Material and methods:
Expression analysis was carried out by qRT-PCR. CellTiter-Glo assay (Promega) was used for the determination of cell proliferation. DAPI, AO/EB, and annexin V/PI assays were used to detect apoptosis. Wound healing and Transwell assays were used for cell migration and invasion, respectively. Western blot analysis was used for the determination of protein expression.

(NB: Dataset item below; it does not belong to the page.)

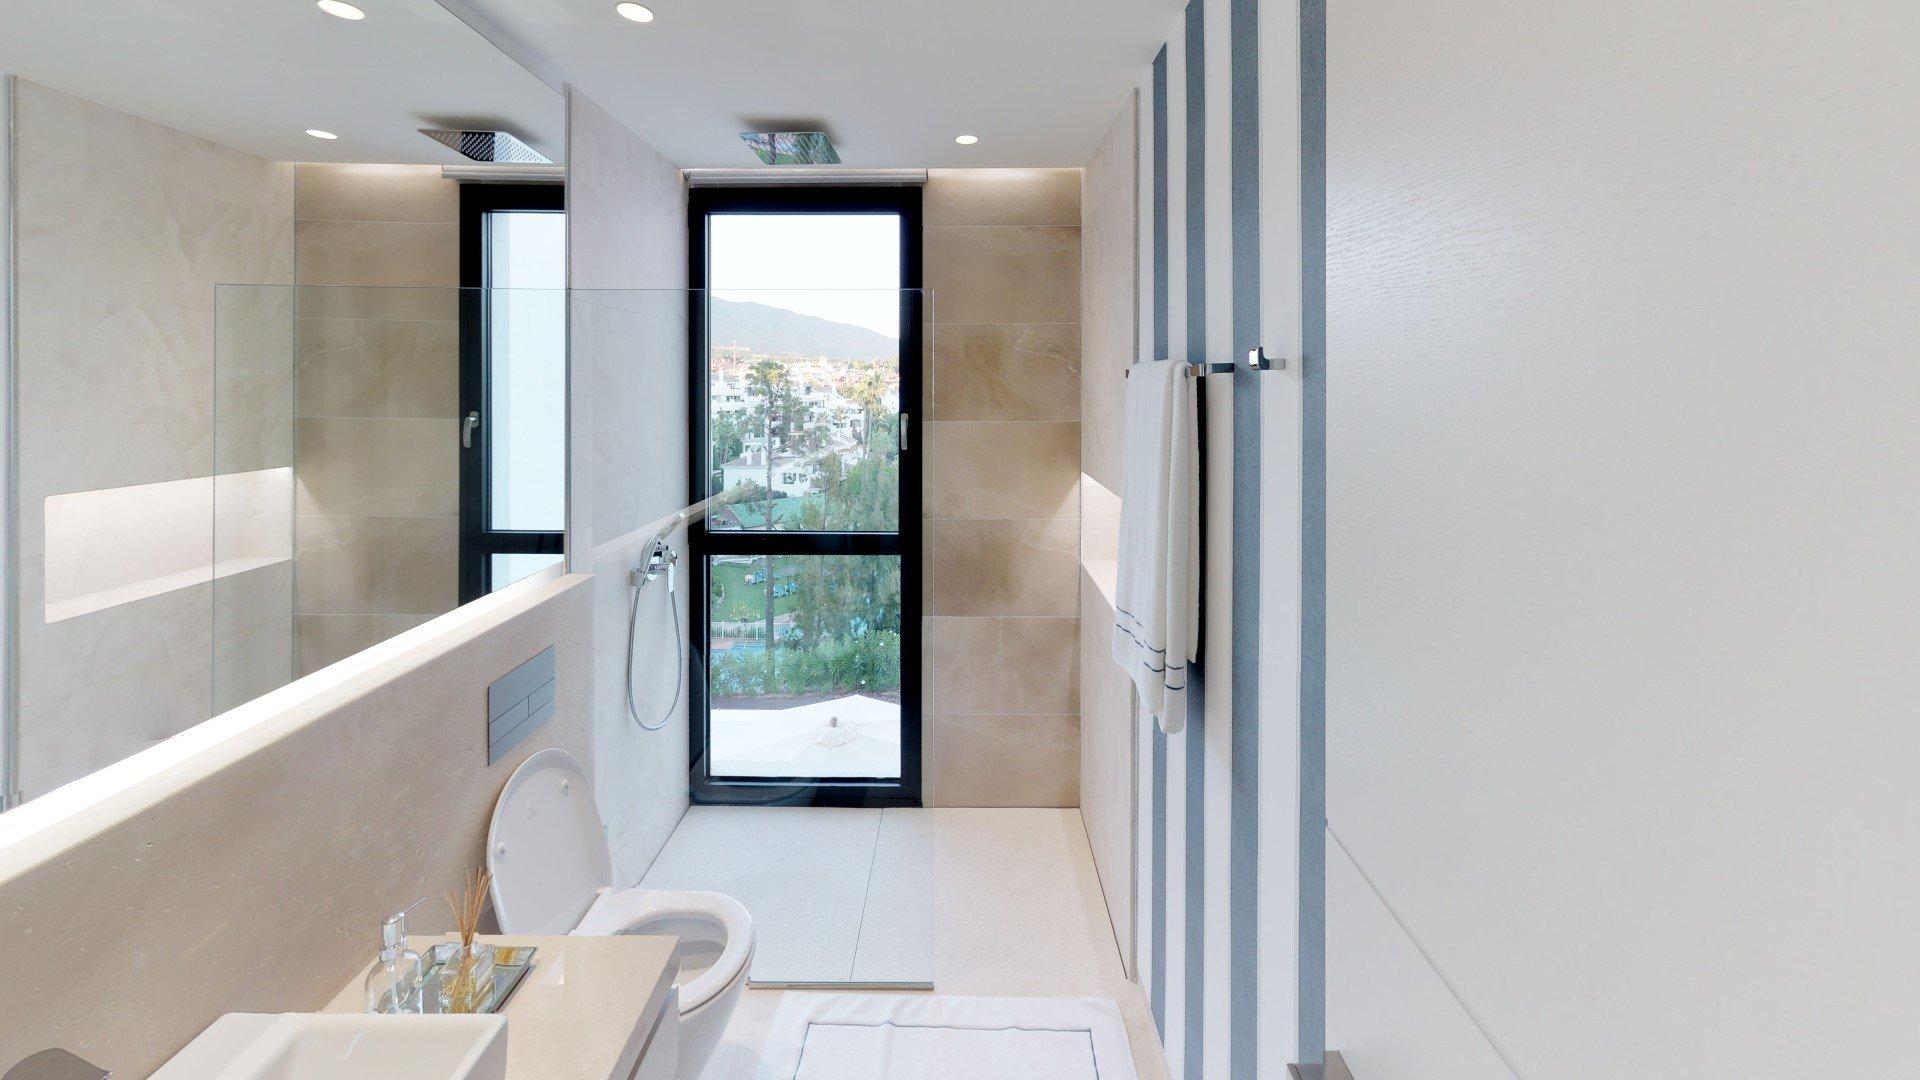 3 bedroom, 3 bathroom Penthouse for sale in Marbella Golden ...

The study revealed that miR-16 was significantly suppressed in the human glioma cells. Ectopic expression of miR-16 in U118 MG cells inhibited the proliferation via induction of apoptosis. The apoptosis induction was also accompanied by an upsurge of Bax and depletion of Bcl-2. The overexpression of miR-16 also inhibited the migration and invasion of the glioma U118 MG cells, as evident from the wound healing and transwell assays, which were accompanied by the inhibition of metalloproteinase-2 and -9 (MMP-2 and MMP-9). The effects of miR-16 overexpression were also examined on the PI3K/AKT/mTOR signalling pathway. The results showed that miR-16 overexpression inhibited the phosphorylation of the p70S6K, AKT, and mTOR at Ser473, Ser2448, and Thr389, respectively, with no apparent effects on the total PI3K and AKT.

miR-16 acts as tumour suppressor in glioma and may severe as therapeutic target for glioma treatment.